What is expected:
Repeat exactly the lines of the entries below from the one with "e29304cc8e6 PLAITED CABLE" through the one with "Stilvolle billige Schuhe", both ends included, and nothing else.

Information provided:
════════════════════

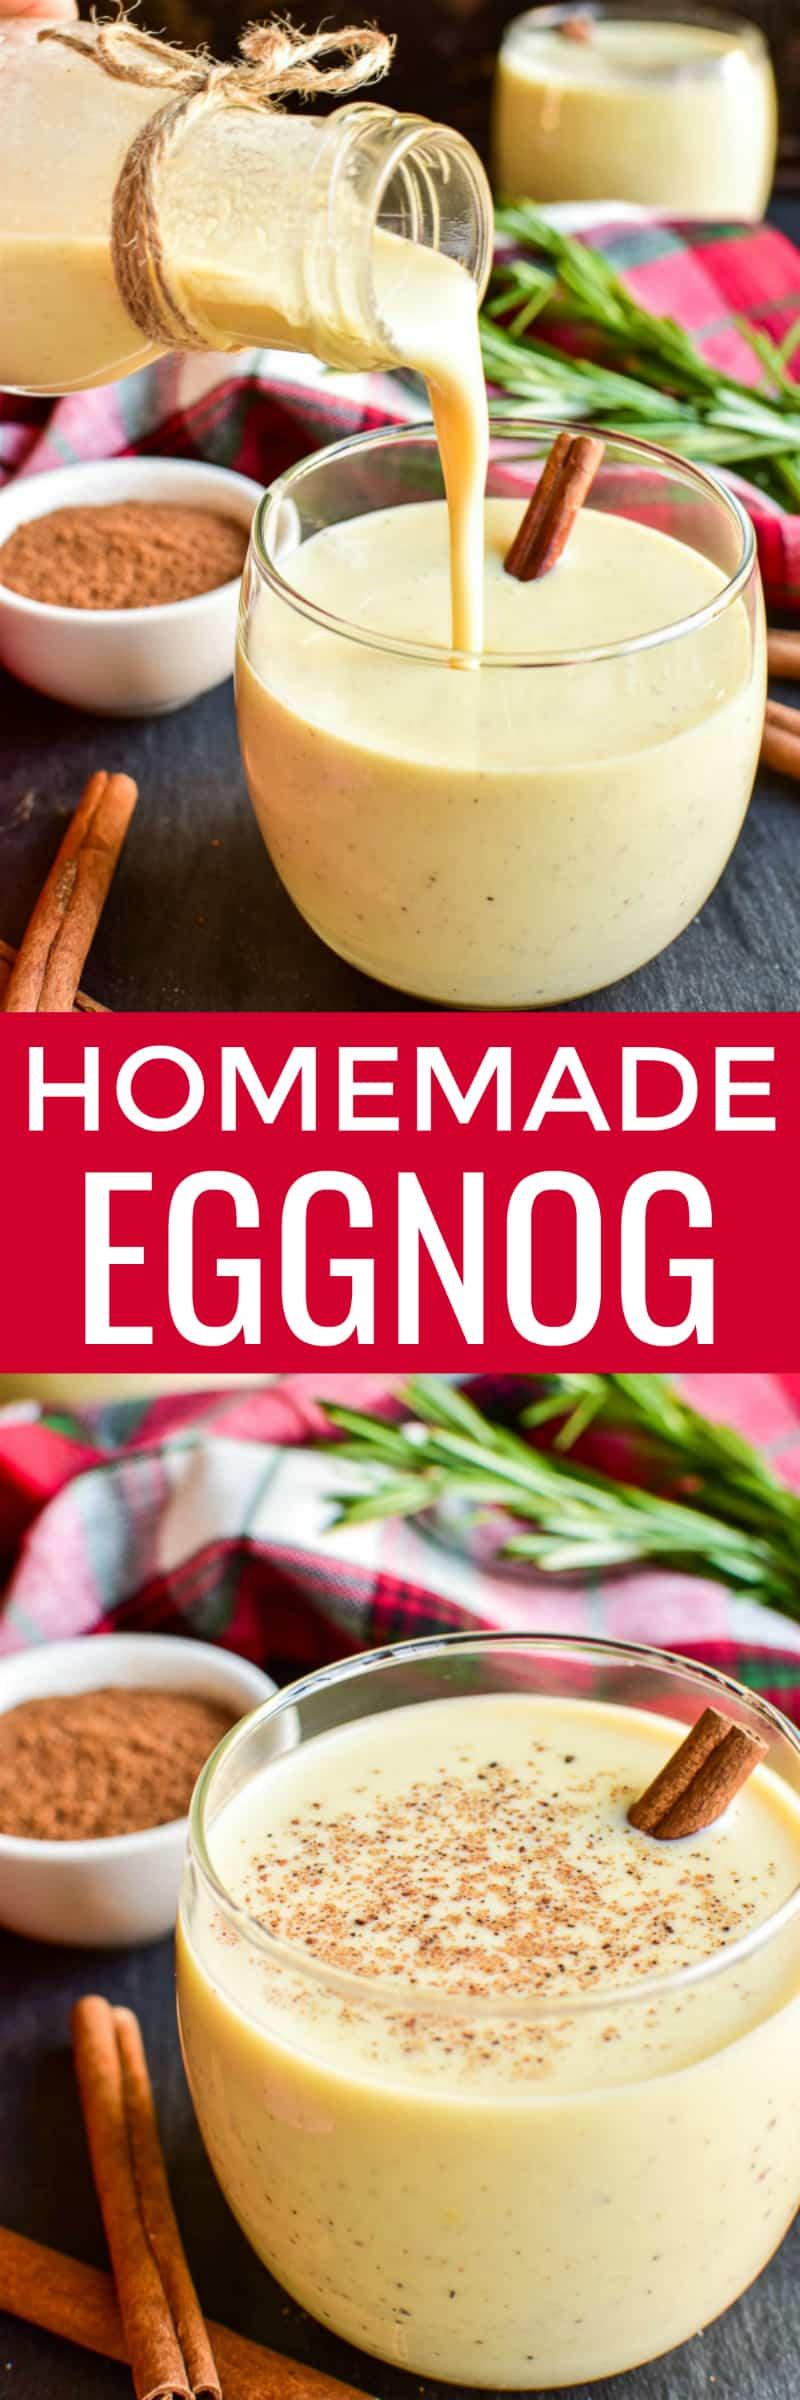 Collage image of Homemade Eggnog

════════════════════

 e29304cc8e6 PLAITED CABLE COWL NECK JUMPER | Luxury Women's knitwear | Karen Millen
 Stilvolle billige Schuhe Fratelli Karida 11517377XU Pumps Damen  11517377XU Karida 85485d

════════════════════

Exercise result:
 e29304cc8e6 PLAITED CABLE COWL NECK JUMPER | Luxury Women's knitwear | Karen Millen
 Stilvolle billige Schuhe Fratelli Karida 11517377XU Pumps Damen  11517377XU Karida 85485d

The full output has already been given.